Chronic lymphocytic leukaemia (CLL) is a disease characterized by the proliferation and accumulation of morphologically mature lymphocytes expressing CD5, CD20 and CD23, together with low expression of surface IgM (Rozman & Montserrat, 1995). CLL is the most common leukaemia in Western countries (Rozman & Montserrat, 1995; Morton et al, 2006) but its incidence is very low in Asia (Weiss, 1979). In CLL, mutational status of the immunoglobulin heavy‐chain variable (IGHV) gene, which is widely accepted as one of the most reliable predictors of clinical outcome, can be divided into two subgroups with prognostic relevance: mutated IGHV associated with indolent clinical course and un‐mutated IGHV, with a progressive disease course even in the patients with early stage disease (Damle et al, 1999; Hamblin et al, 1999; Oscier et al, 2002).

The reported frequencies of mutated IGHV ranged from 42·4% to 64·2% in the West (Duke et al, 2003; Tobin et al, 2004; Agathangelidis et al, 2012) compared to 60~78·8% in Oriental patients with CLL (Nakahashi et al, 2009; Xia et al, 2015; Marinelli et al, 2016). In addition to IGHV mutational status, IGHV repertoire analysis showed that IGHV families or IGHV gene usage had geographically biased predispositions.
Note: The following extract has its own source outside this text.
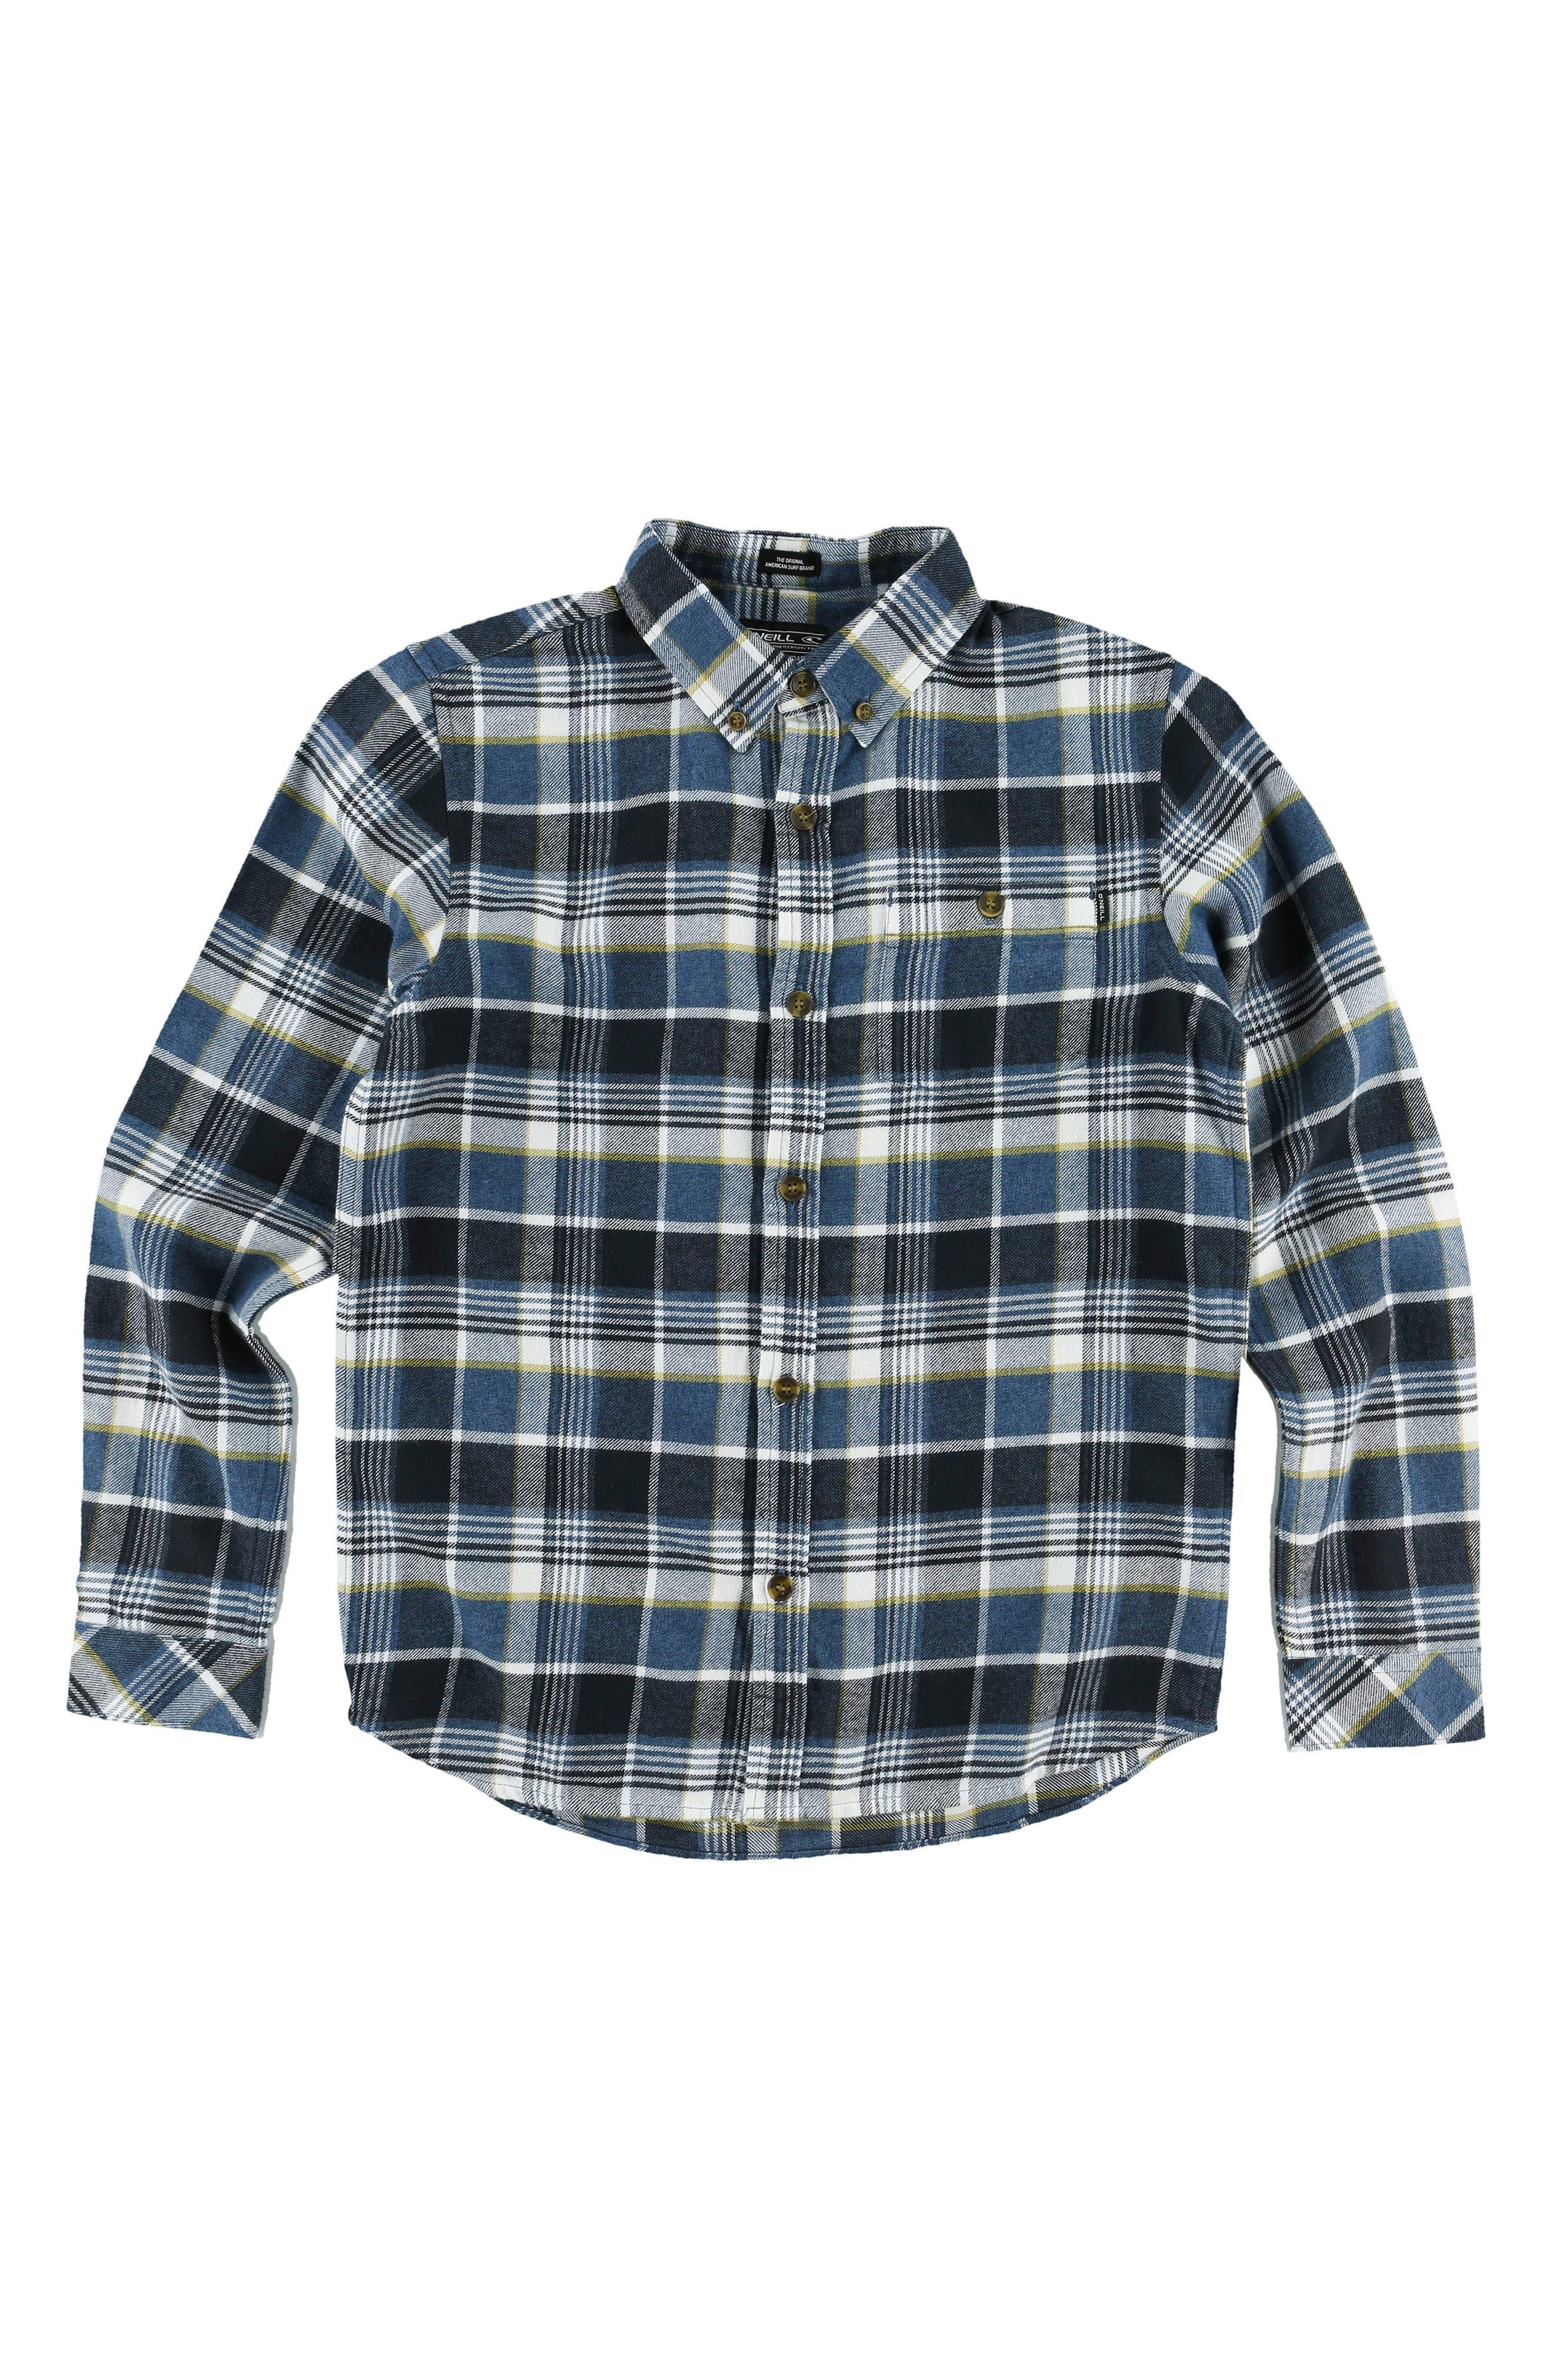 Alternate Image 1 Selected - O'Neill Redmond Flannel Shirt (Big Boys)

In the West, the most predominant IGHV family was IGHV3 followed by IGHV1 (Hamblin et al, 1999; Duke et al, 2003; Tobin et al, 2004). In contrast, Asian cohorts were dominated by IGHV3 followed by IGHV4 (Chen et al, 2008; Hojjat‐Farsangi et al, 2009; Nakahashi et al, 2009; Marinelli et al, 2016) except in one recent small series study from Taiwan, which described a very low frequency of IGHV4 (Wu et al, 2017).

Another important characteristic of the IGHV repertoire is the expression of stereotyped B‐cell receptors (BCRs). Homologous stereotyped Complementarity‐Determining region 3 (CDR3) within BCRs were identified in 20~30% of CLL cases, which has been suggested to be involved in the pathogenesis of CLL and could be subdivided into 19 major subsets and other minor subsets (Stamatopoulos et al, 2007; Agathangelidis et al, 2012; Rani et al, 2016). Notably, the frequency of the usage of BCR subsets showed great variation among different geographic areas (Marinelli et al, 2016).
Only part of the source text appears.